At present, in the aspect of NMP wastewater treatment, physical and chemical methods are generally adopted to separate NMP in wastewater. These methods all have the problems of high energy consumption, low efficiency, secondary pollution and the like. Biological treatment is one of the most effective methods at present. The NMP has good microbial degradability, and the content of the NMP in the wastewater is reduced through the degradation of the microbes. However, industrial NMP wastewater contains salts with higher concentration, which has an inhibitory effect on the growth of common microorganisms, so that the conventional activated sludge method cannot effectively treat the wastewater.

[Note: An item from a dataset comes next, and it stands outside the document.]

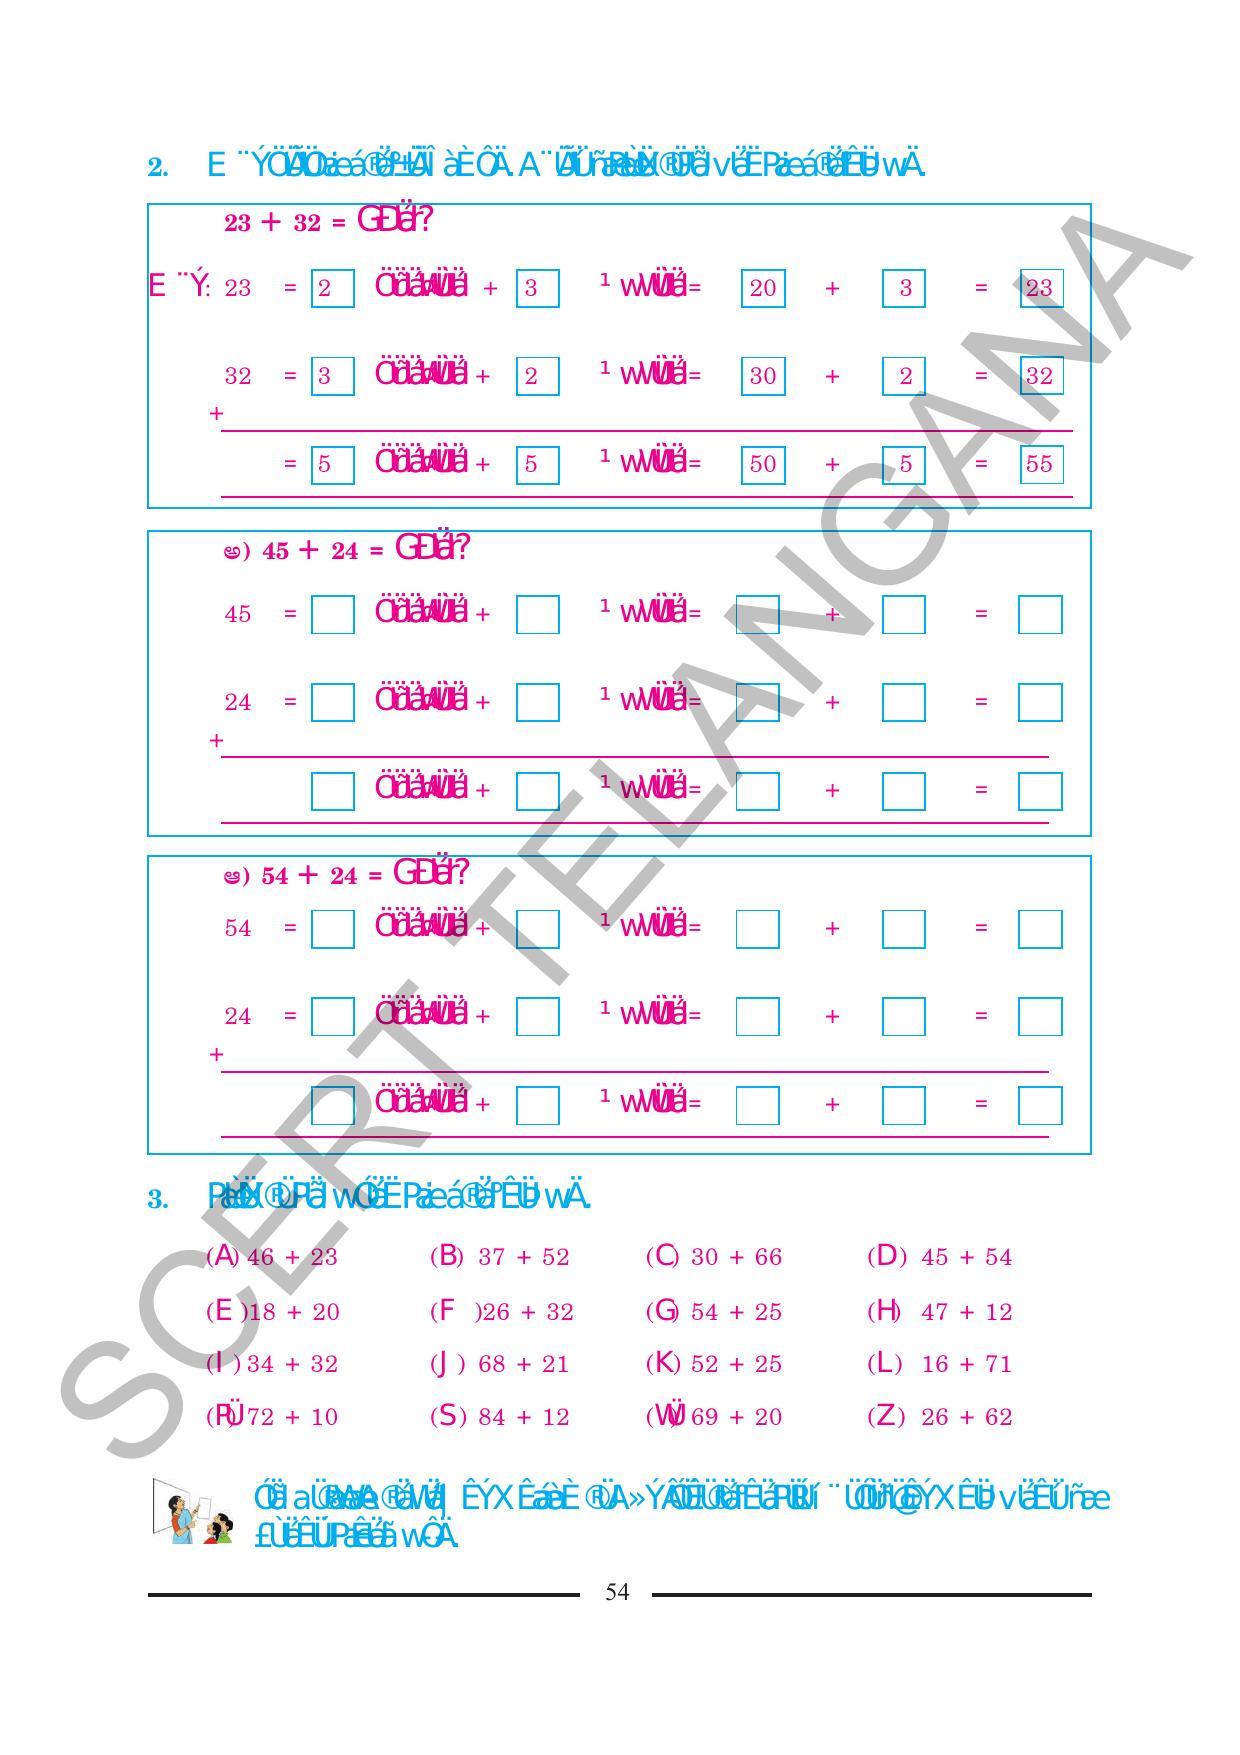 TS SCERT Class 2 Maths (Kannada Medium) Text Book - Page 66

The physical and chemical recovery method is usually adopted for treating NMP in the current industrial waste liquid, but the method has low recovery efficiency, incomplete recovery and high cost and needs professional equipment. The biodegradation method is a method which can effectively degrade NMP in wastewater. However, the NMP industrial wastewater is often complex in components and contains more inorganic salt ions, so that common microorganisms cannot survive in the high osmotic pressure environment, and difficulty is brought to biodegradation of the NMP industrial wastewater.
Disclosure of Invention
The technical problem to be solved is as follows: aiming at the problems in the prior art, the invention provides a salt-tolerant staphylococcus lentus strain and application thereof in industrial NMP wastewater treatment. In addition, the strain can keep normal physiological functions in a high-salt environment so as to achieve the aim of degrading residual NMP in high-salt wastewater.
The technical scheme is as follows: salt-tolerant staphylococcus lentusStaphylococcus lentus.) CCZU-X with preservation number of CGMCC No. 19016. The slow staphylococcus (A), (B), (C)Staphylococcus lentus.) CCZU-X colony characteristics: the colony is single, milky white, round, relatively moist and slightly raised. Gram staining was shown to be positive, globular. And the strain can grow in a culture medium with the salt concentration of more than 20%. The strain source is as follows: the salt-tolerant staphylococcus lentus CCZU-X is obtained by screening edible shrimps.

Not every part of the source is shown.